Dana is not yet old enough to have learned that lesson. "This can't end well," she mutters as she settles back down again and resumes her rocking.

_It seldom does_, Isaac thinks, but all he does is smile. Inscrutably, or so he hopes.

"We'll see," he says.

***

"Well," Dan says brightly, "I think that went well."

Casey looks at him, slanted, sidelong. Dan grins at him and slurps up soda through his drinking straw.

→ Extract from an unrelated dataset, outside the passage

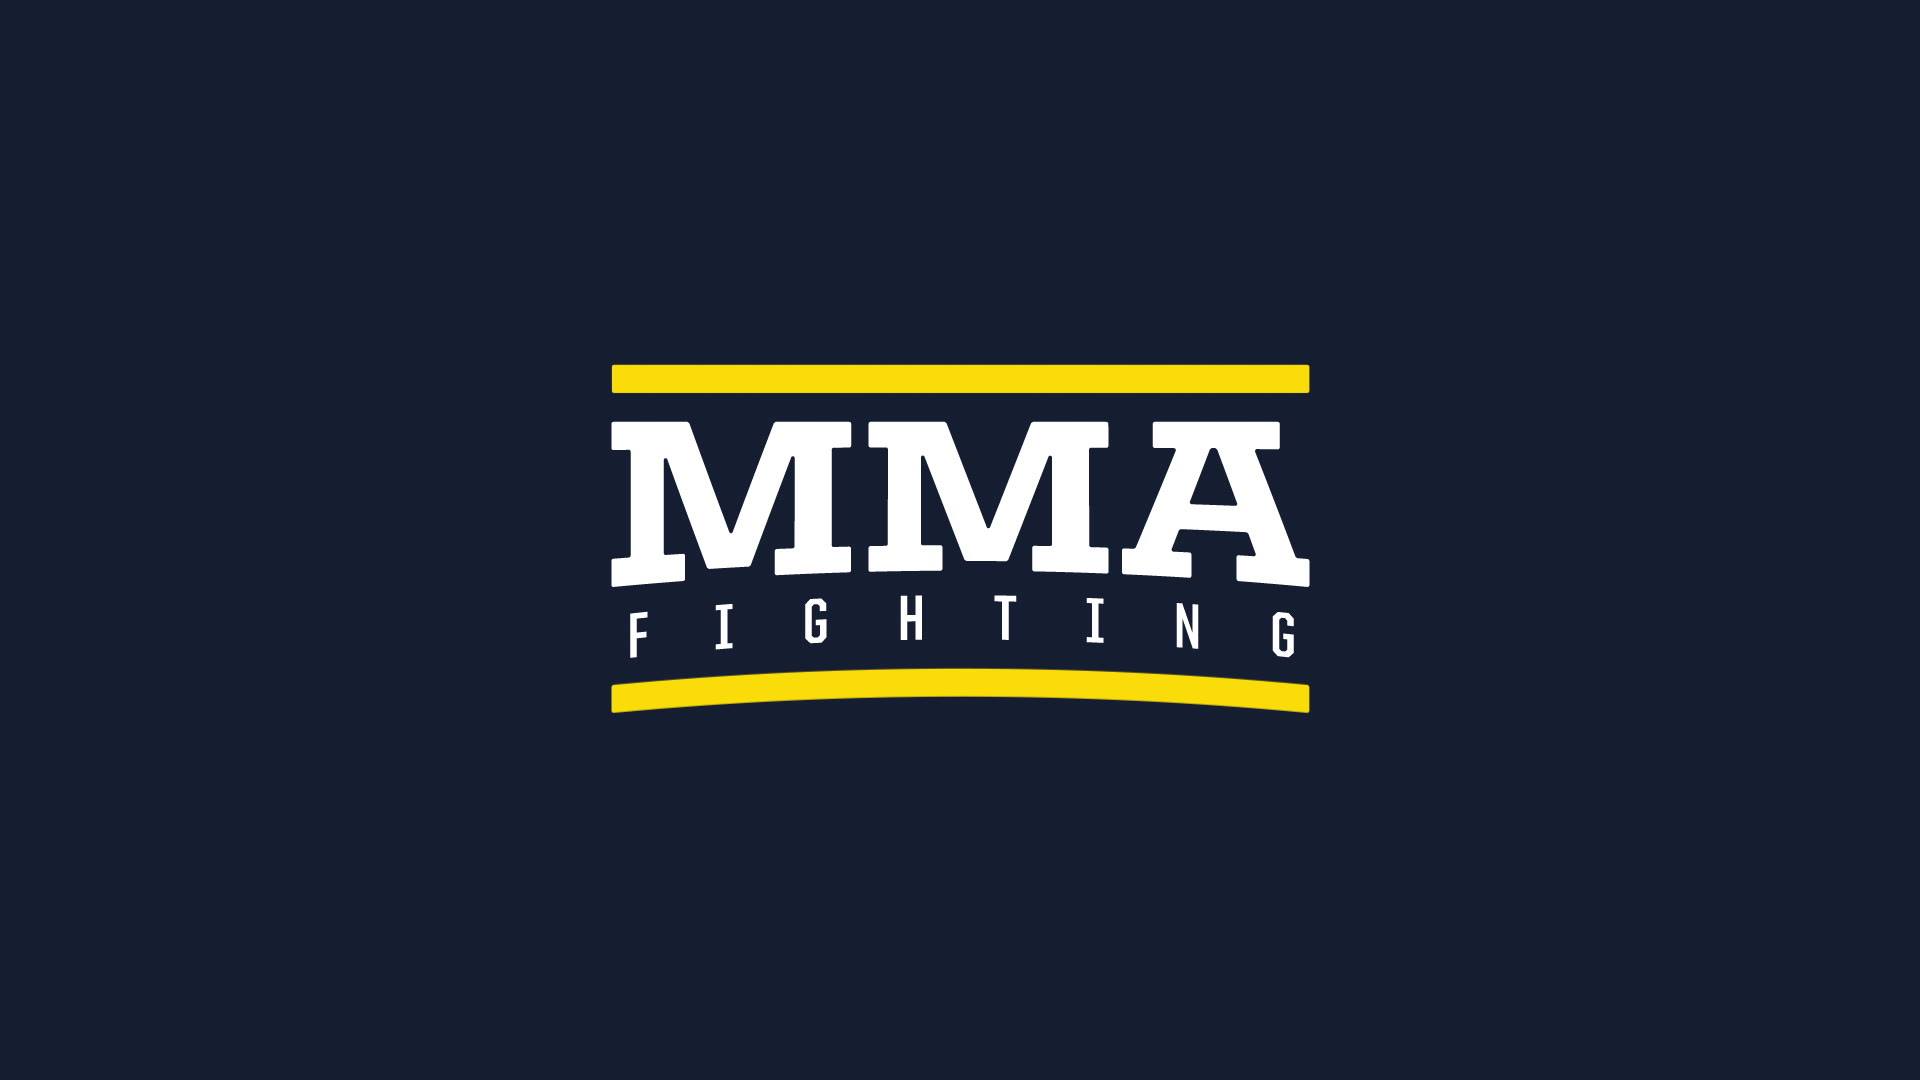 نشرة أخبار القتال والفنون المختلطة MMA  بتاريخ 2018.3.11

For a big-time network in a big, shiny building, NBC had crappy facilities. The two of them had been stuck in a small, stuffy, antiquated elevator for what had seemed like hours (actually twenty minutes, but time is, after all, relative) and, although they'd used the time wisely and well, it was not an experience Casey would care to repeat.

Not the 'stuck in an elevator' part, that is. There may or may not have been kissing involved (which might or might not have been caught on security footage; that's only just occurred to him. Oh. Oh, well), and that – well, that was an experiment, and he's happy to run it again to check his findings any old time of the day or night.

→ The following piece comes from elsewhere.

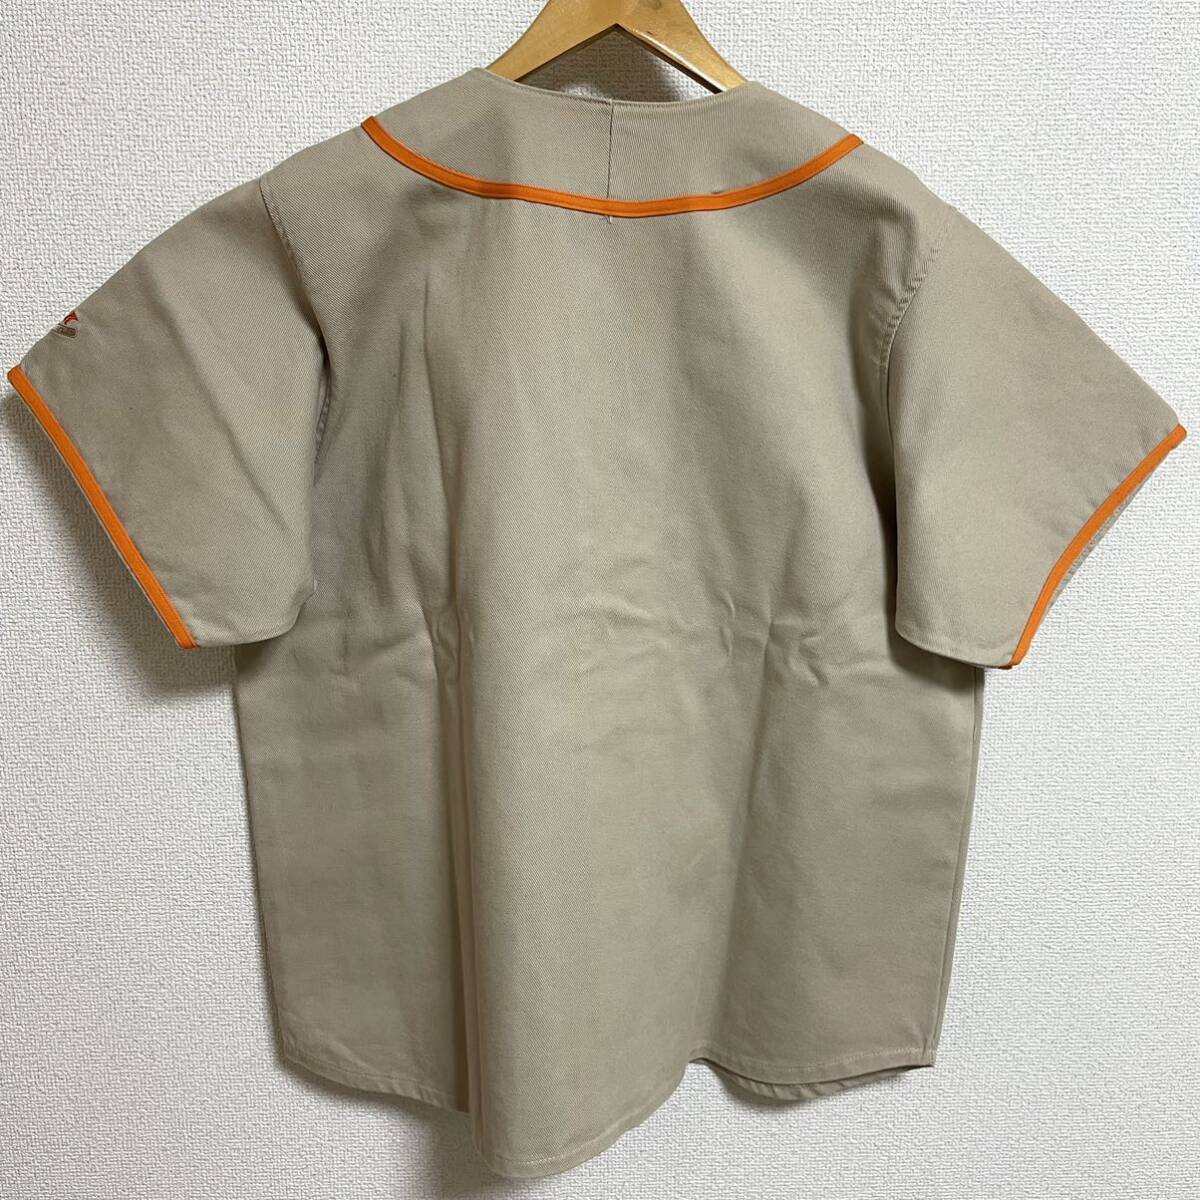 激レア Supreme Baseball Arc Logo Shirt Tan XL 1990年代 90s 茶 タン ベースボール アーチロゴ シャツ 半袖シャツ 初期 OLD Vintage_画像2

They'd escaped eventually, obviously – it was either that or find their desiccated corpses a hundred years hence, locked in a final desperate, skeletal embrace – and had been disgorged onto the 47th floor in a flurry of apologies from both sides, for tardiness on theirs and for the inconvenience on the other, and to offers of coffee and water and bagels, all of which they'd declined politely. Then it was into an inner sanctum, where a big guy in a very nice suit – Ted, Casey thought his name was, or maybe Jeff – was waiting, along with a slew of littler guys, the niceness of whose suits no doubt reflected their respective places in the pecking order, all of whom were very pleased to meet them, glad they could take the time, they were all big fans, big, big fans, no, really, _big_ fans …

(Casey wondered whether any one of them would be able to tell him what he'd led with in last night's broadcast. Wondered too whether any of them had noticed that Danny's suit, which was his own and handmade by his grandfather's tailor, was the nicest of the lot.)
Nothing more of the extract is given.